Старик был доволен собой. Оставалось одно – подняться. Дети не подведут, а ему не впервой. Он усмехнулся, морщинки спали, как их не бывало. Доволен он был и тем, что младший – промолчал из уважения к нему и своим братьям.

Каждый из его сыновей в чём-то хорош. Если выделить одного – другие станут завидовать. Пройдут годы и зависть выльется в родовой конфликт и семейные дрязги. Так учил его отец. После тризны по отцу он стал главой Рода. За время старейшинства род поднялся и увеличился втрое. Появился достаток и свои рабы. И всё – благодаря словам отца. Пройдут годы, он уйдёт в мир, где обиталище богов и духов, а сыновья продолжат его путь.

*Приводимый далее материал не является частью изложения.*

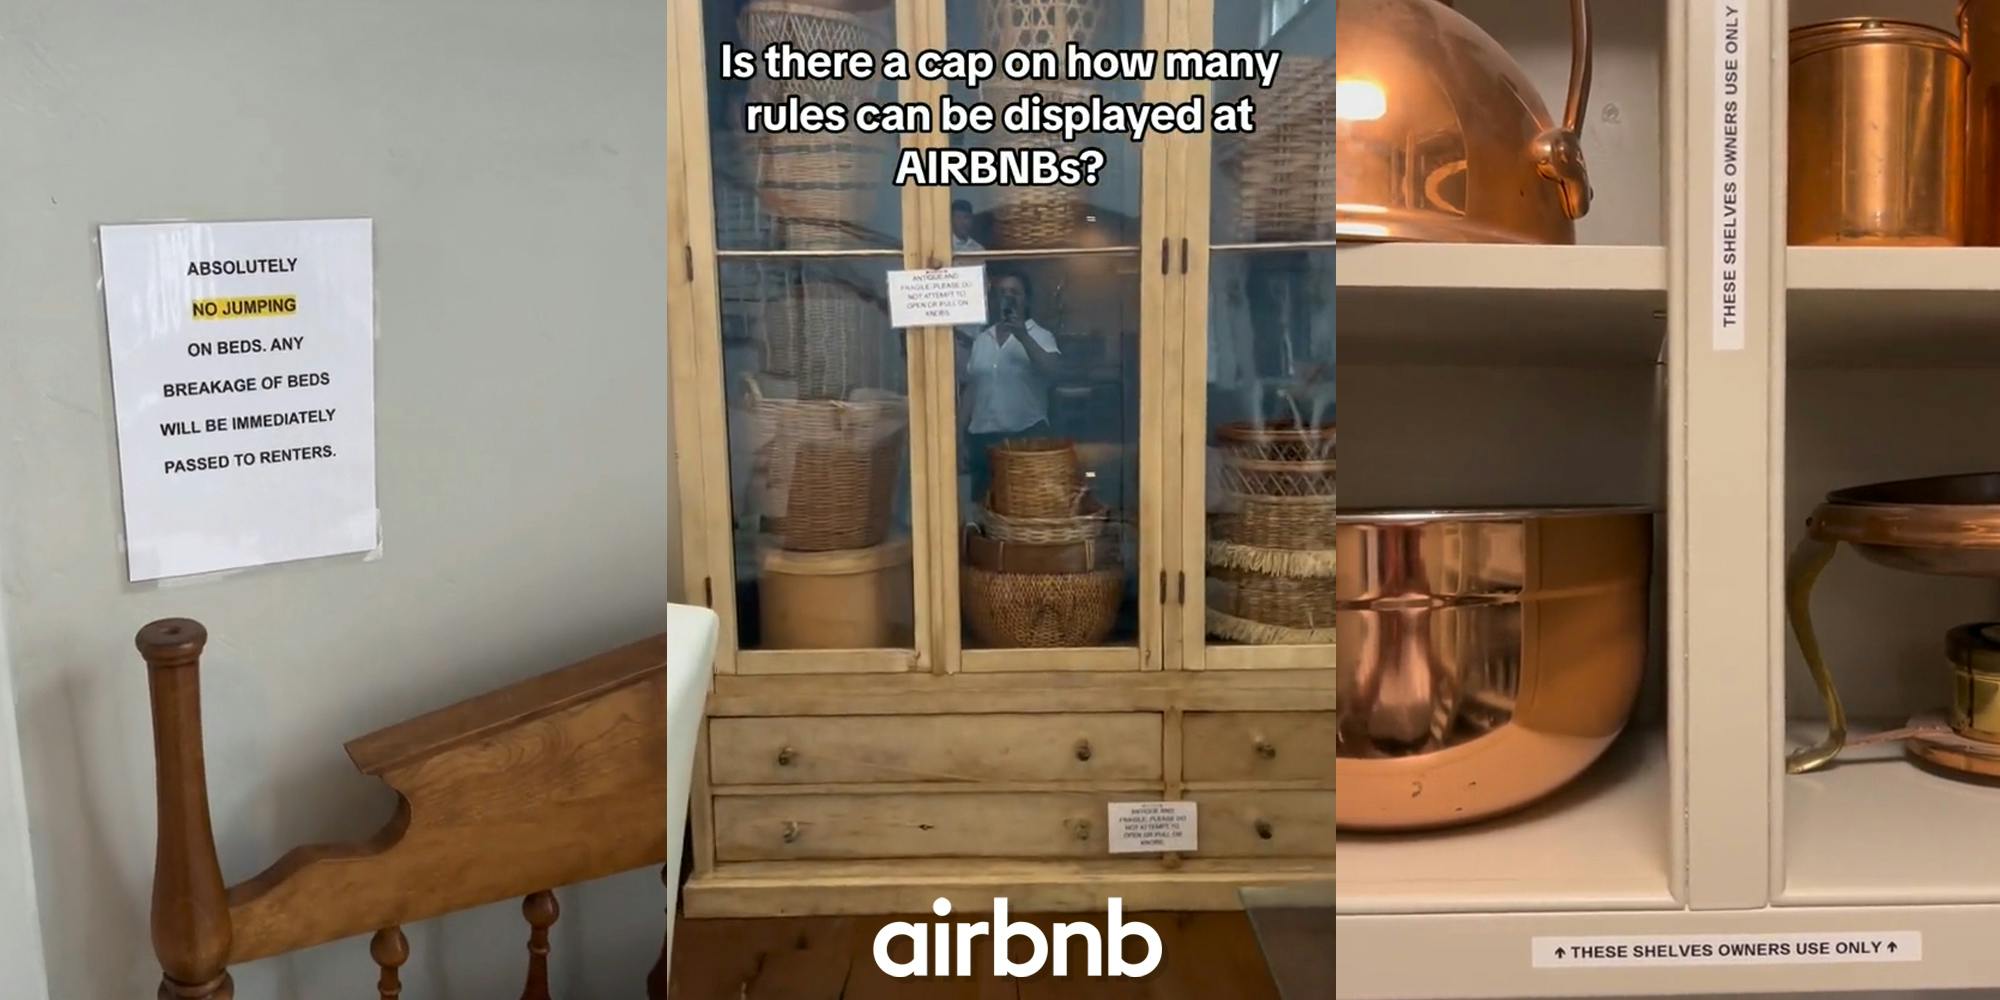 Airbnb interior with rules taped to wall next to bed (l) Airbnb cabinet with rules taped on the front with Airbnb logo at bottom with caption "Is there a cap on how many rules can be displayed at AIRBNBs?" (c) Airbnb interior shelves with rules taped to edges (r)

Тогда, в детстве, он учился искусству обработки камня. Потом учил своих детей нелёгкому кропотливому труду. Самым способным оказался Хинис. Сын превзошёл его и, это не могло не радовать сердце. Скульптуры заказывали у сына знатные и богатые скифы. Обычно это были надкурганные изваяния погребённых скифов. Другие служили маркерами дорог и перекрёстков облегчая ориентировку в зоне высокого разнотравья степи. Такой труд хорошо оплачивался… Старик давно решил, но не торопил события – к зиме Хинис сменит его и станет главой Рода…

Верёвки натянулись. Сорок хлестнул волов и зычно прикрикнул: – Го, го, пошли заразы, го! – Процессия тронулась. Старик негромко сказал сыну: – Садиться будем на передок воза на самых крутых участках подъёма. Если колёса и передняя ось начнут подниматься, не спеши прыгать. – Сын ответил молчаливым кивком, понимая сложность предстоящего предприятия; отвлекаться – некогда.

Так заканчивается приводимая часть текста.